= Luciano Capicchioni =

Sammarinese-American sports agent (1946–2021)
Luciano Capicchioni (14 July 1946 – 2 March 2021) was a Sammarinese-American sports agent. He was known by the nickname "Lucky".

==Biography==
As a teenager, Capicchioni moved to the United States with his father and two sisters. In 1965, he founded the cycling team at Michigan State University. He received a BA from Michigan State and a doctorate from the University of Bologna.Upon his return to Europe, he founded the San Marino Basketball Federation. In 1969, he founded the Federazione Sammarinese Baseball-Softball, of which he was the President until 1972. From 1979 to 1984, he served as Vice-President of the Sammarinese National Olympic Committee, a position in which he oversaw the Olympic Games in Los Angeles and Moscow. In 1980, he was the San Marino Olympic Delegation in Moscow.

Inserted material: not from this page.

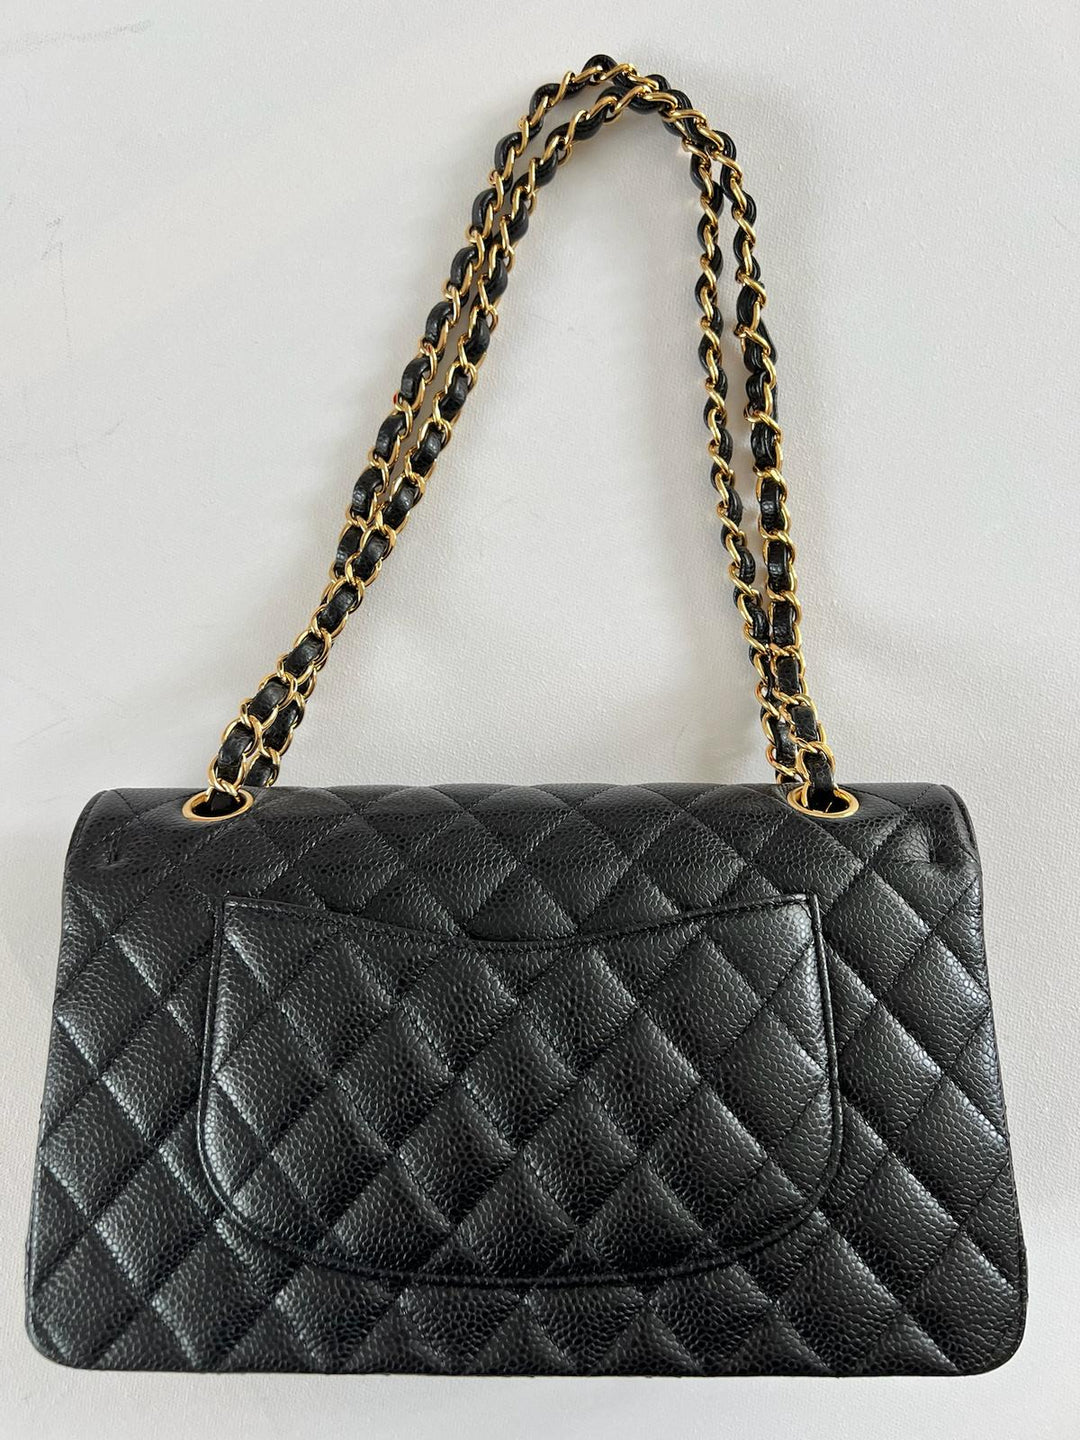 Chanel Classic Double Flap Medium in Black Caviar Leather with Gold Hardware 2021
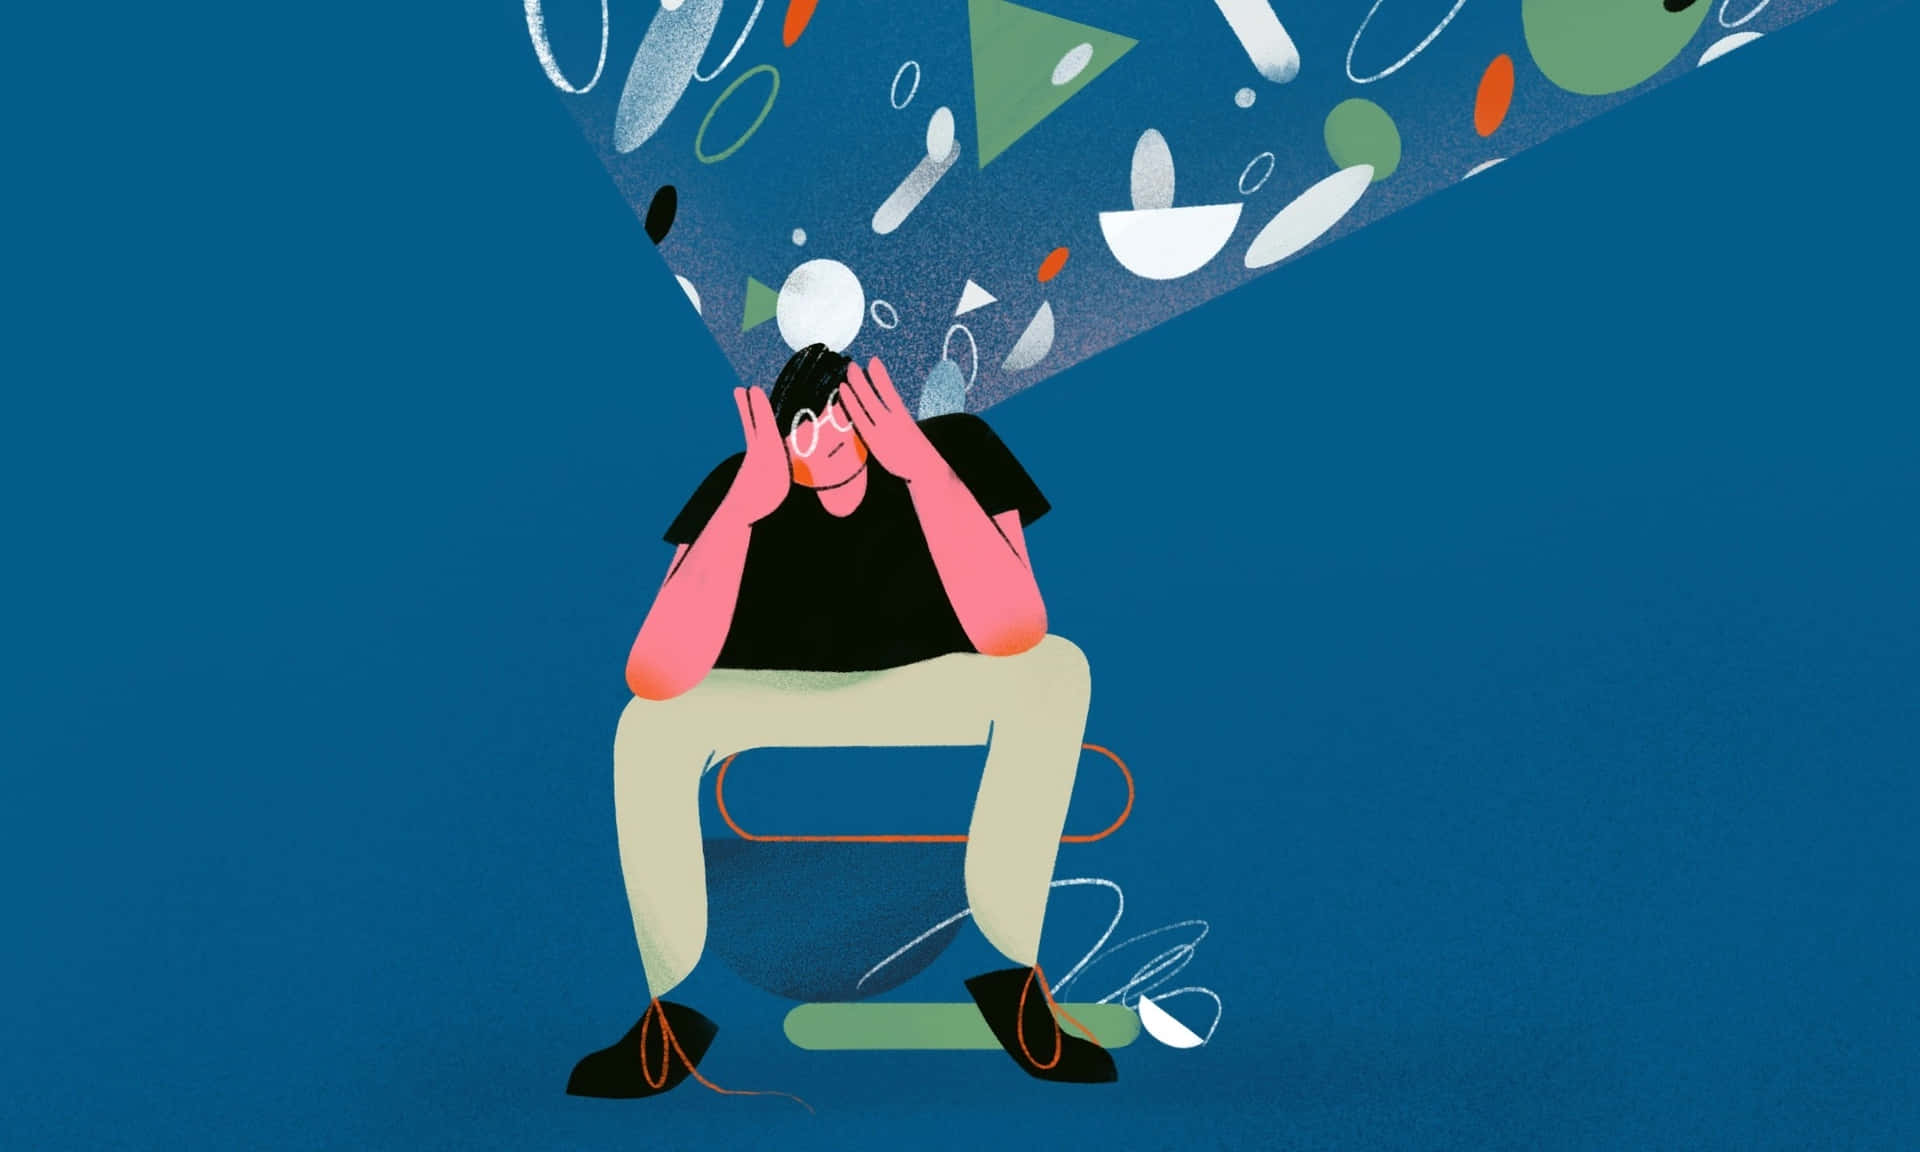 Illustration Of A Man Sitting On A Chair With A Head Full Of Objects

In 1986, Capicchioni founded the agency Interperformances, which represented professional athletes worldwide, including Toni Kukoč, Predrag Danilović, Arvydas Sabonis, Peja Stojaković, Zydrunas Ilgauskas, and Manu Ginóbili. His main American partner in representing players in the NBA was Herb Rudoy. He also represented soccer, American football, volleyball, and baseball players. His son, Manuel, joined the company in 1998.

In 2002, Capicchioni became owner of the basketball club Basket Rimini Crabs of the Italian Legadue Basket. He left the team in 2006 but made a significant monetary contribution in March 2010, allowing the financially-troubled club to compete for the remainder of the season. Throughout the next few years, he helped to remedy the club's financial struggles, which resulted in its survival. In 2018, he restructured the club maintaining only the youth team, but then sold it entirely to Rinascita Basket Rimini.

Luciano Capicchioni died on 2 March 2021 in San Marino at the age of 74.